* Work request
Pictures aside, print all of the data below exactly as written.

Records from a collection
+ + + + +
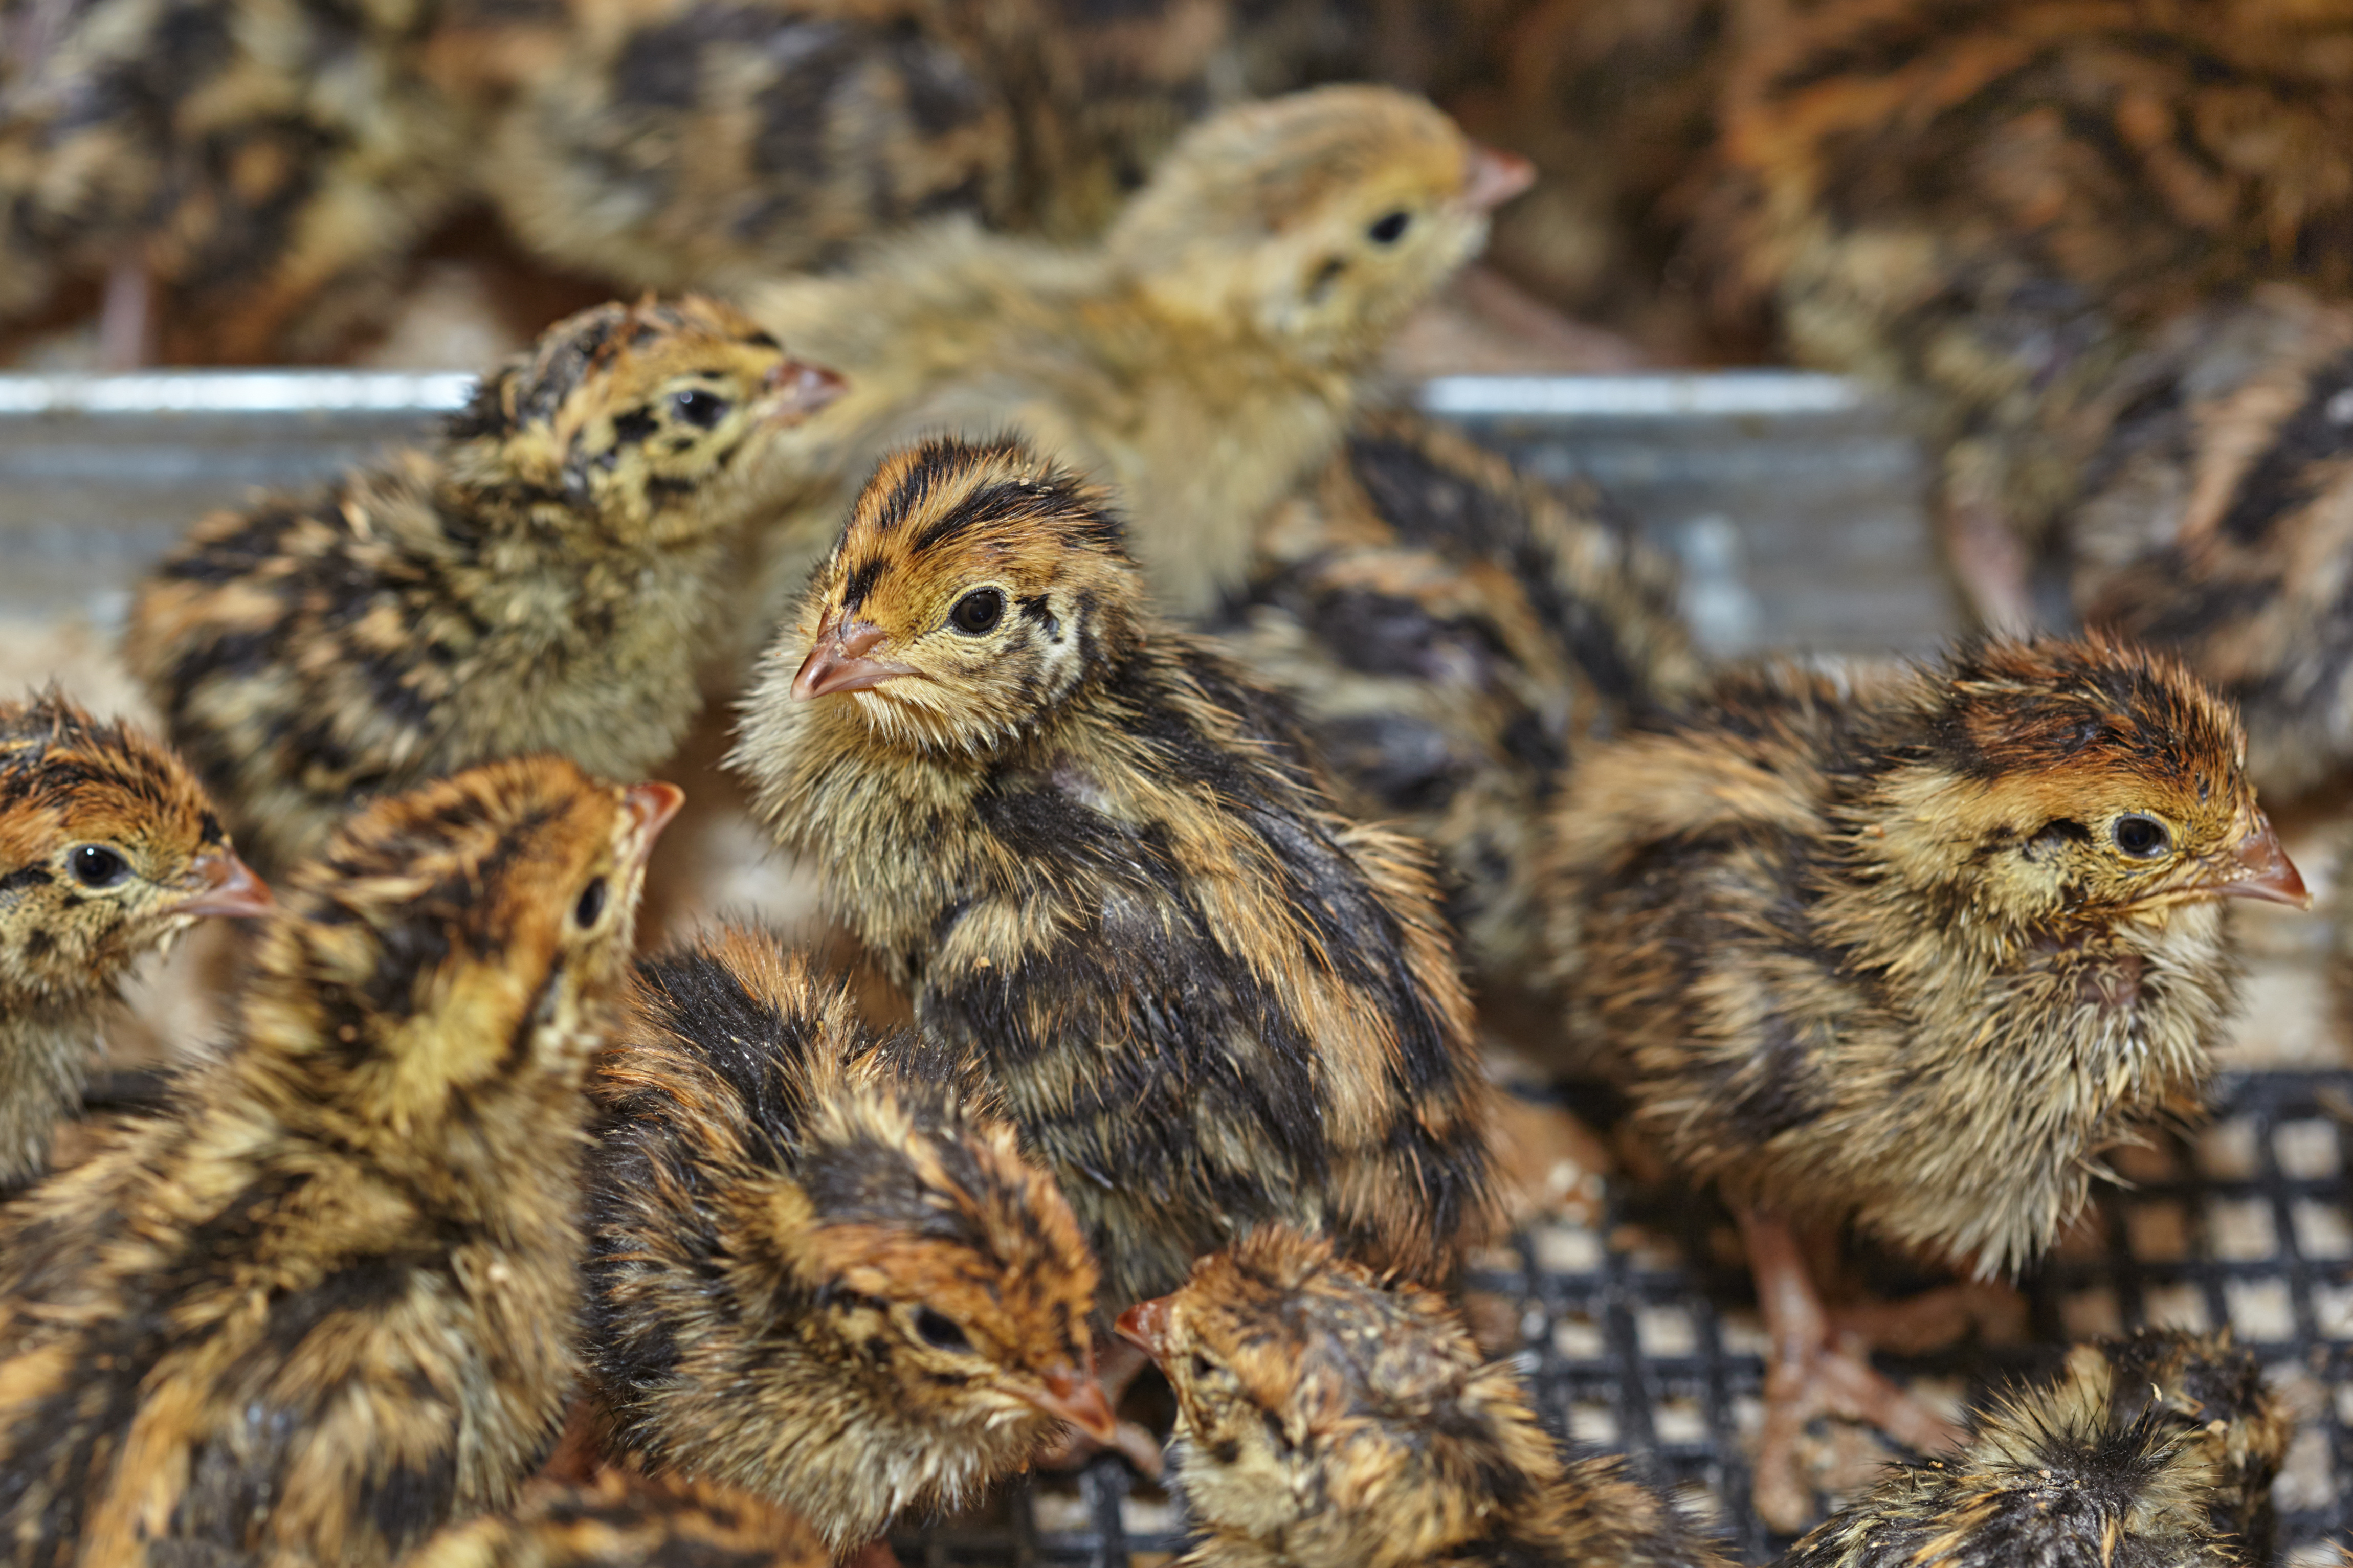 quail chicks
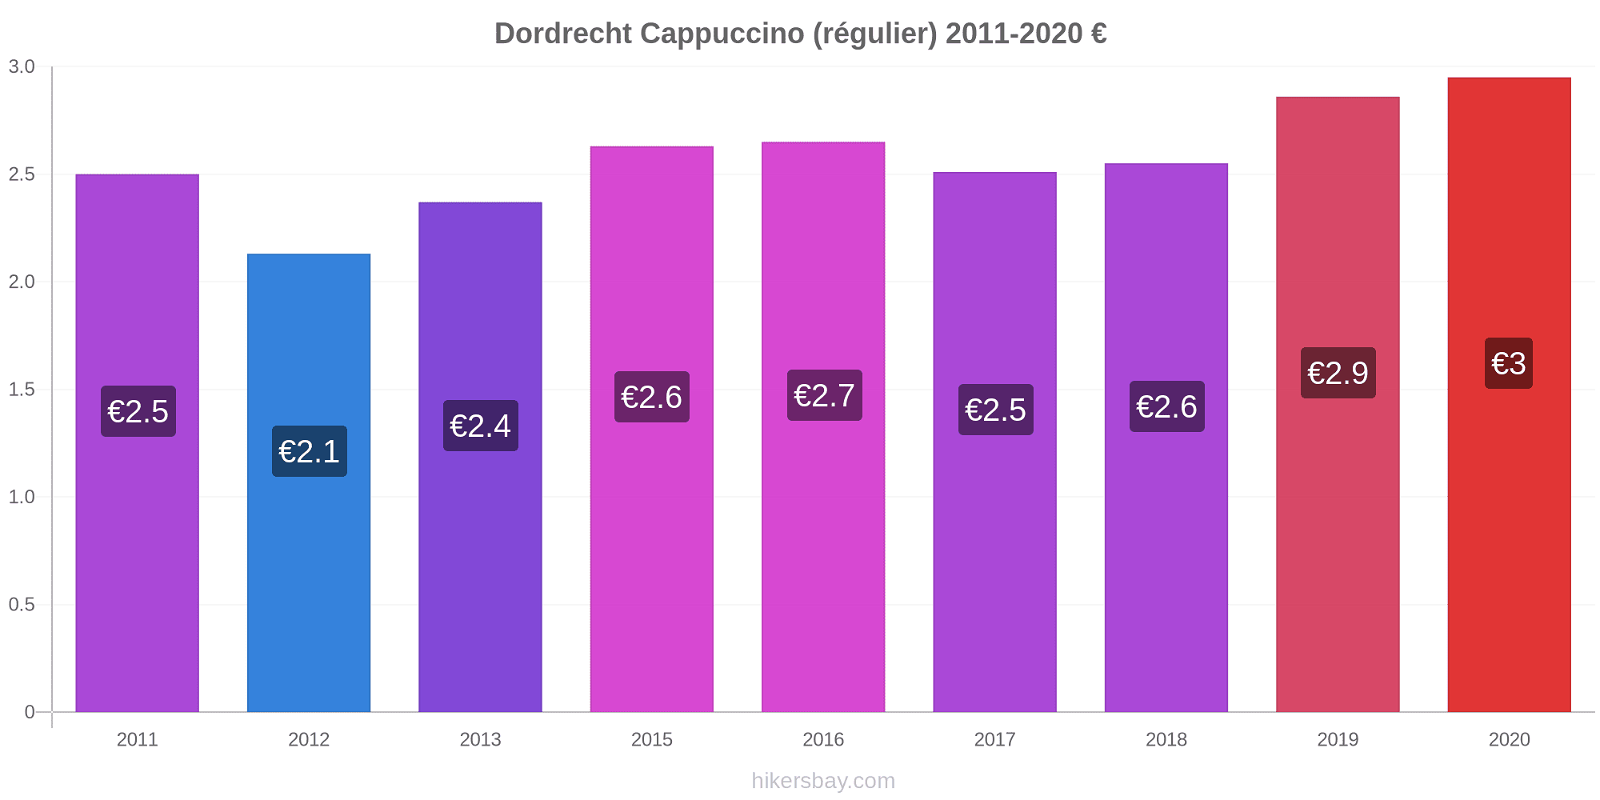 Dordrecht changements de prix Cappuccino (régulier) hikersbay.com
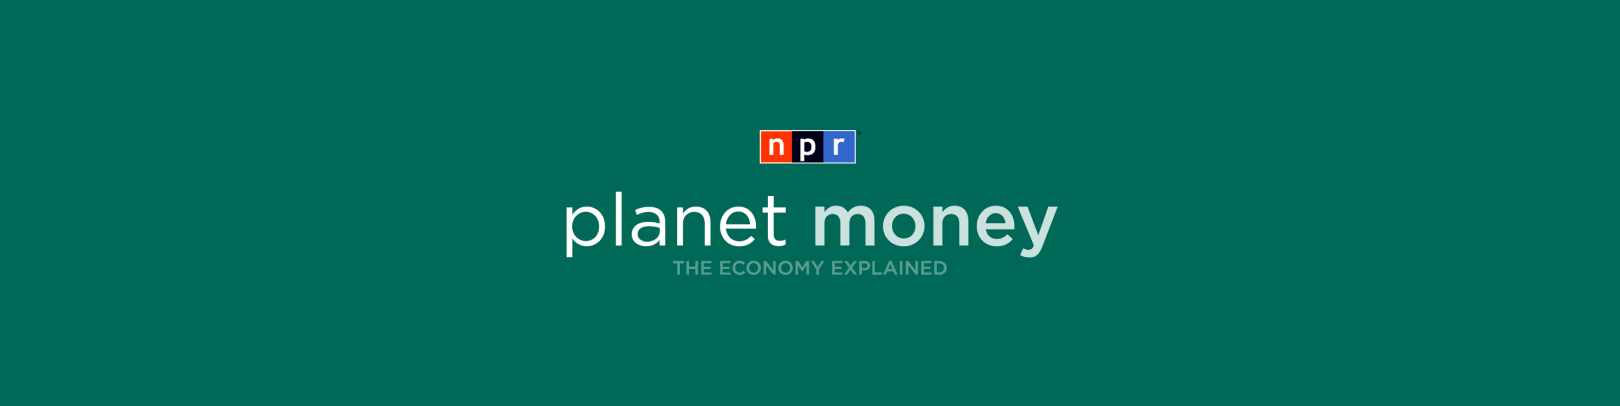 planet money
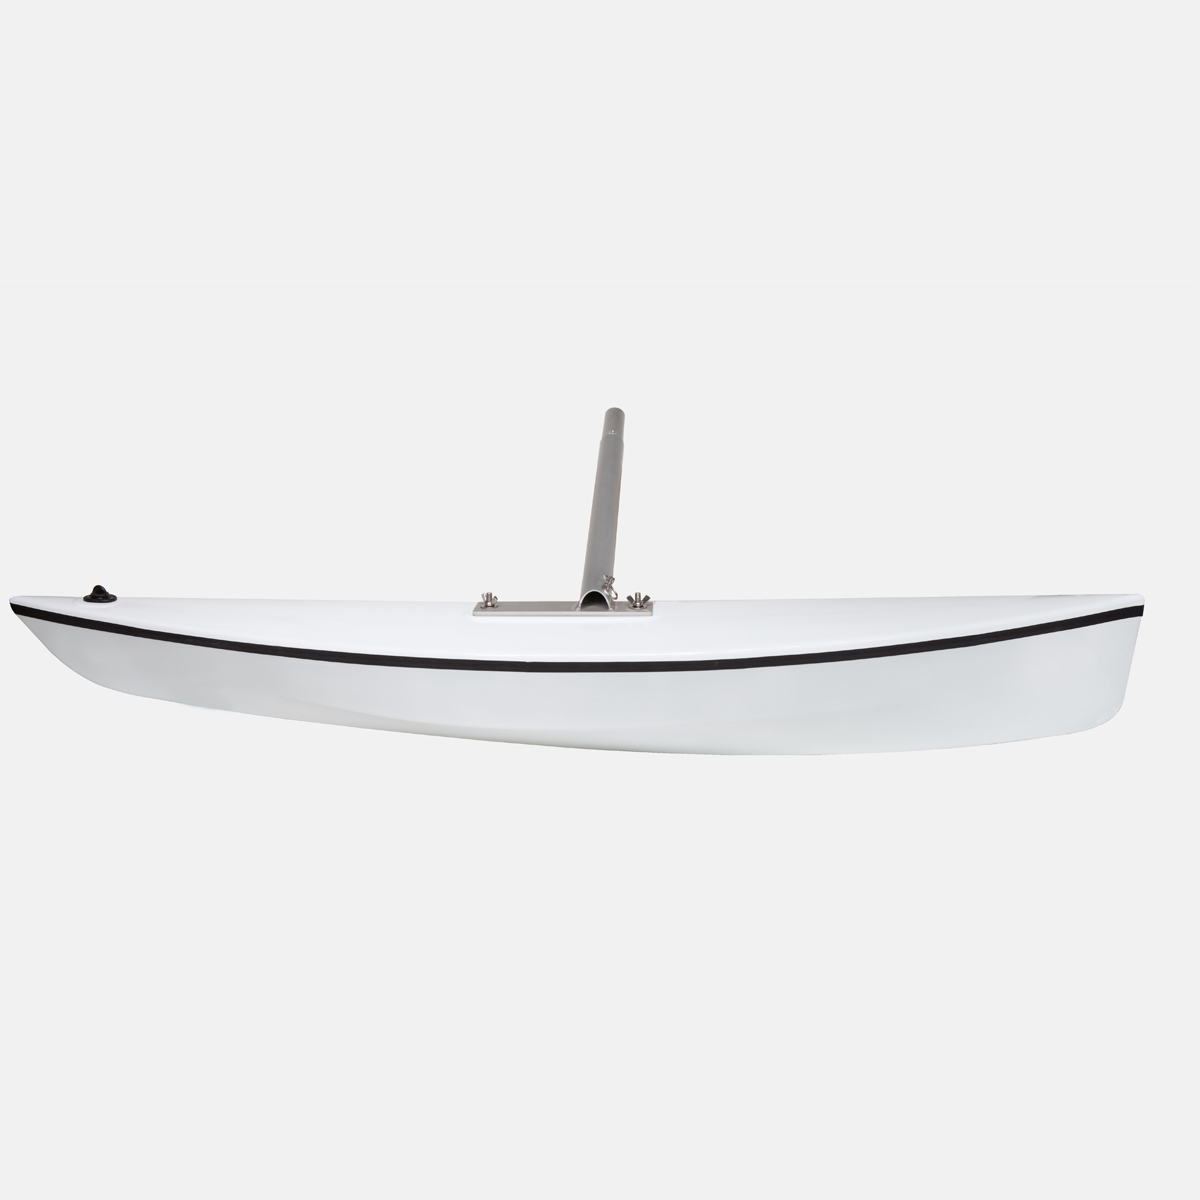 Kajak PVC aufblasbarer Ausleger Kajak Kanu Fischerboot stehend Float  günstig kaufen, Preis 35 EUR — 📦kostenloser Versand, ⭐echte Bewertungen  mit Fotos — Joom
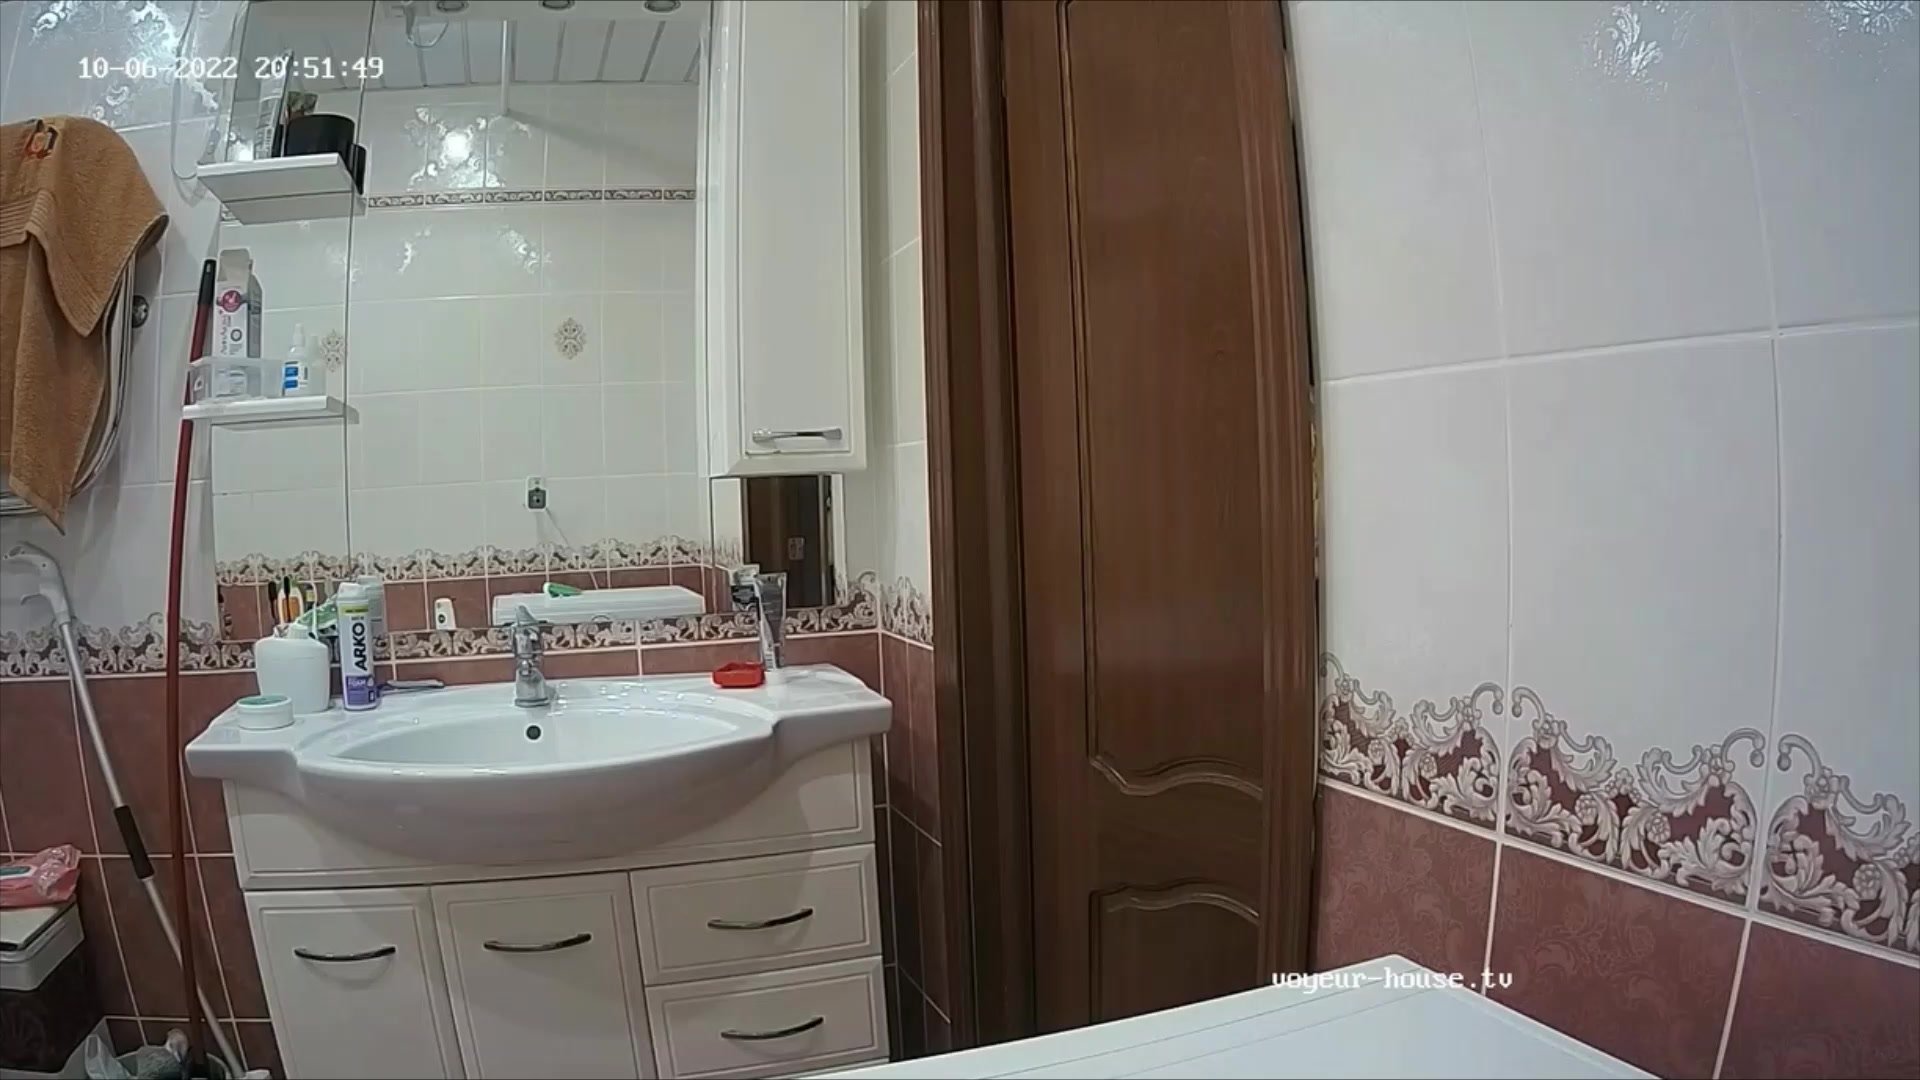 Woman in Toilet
+ + + + +
* The completed task
 quail chicks
 Dordrecht changements de prix Cappuccino (régulier) hikersbay.com
 planet money
 Kajak PVC aufblasbarer Ausleger Kajak Kanu Fischerboot stehend Float  günstig kaufen, Preis 35 EUR — 📦kostenloser Versand, ⭐echte Bewertungen  mit Fotos — Joom
 Woman in Toilet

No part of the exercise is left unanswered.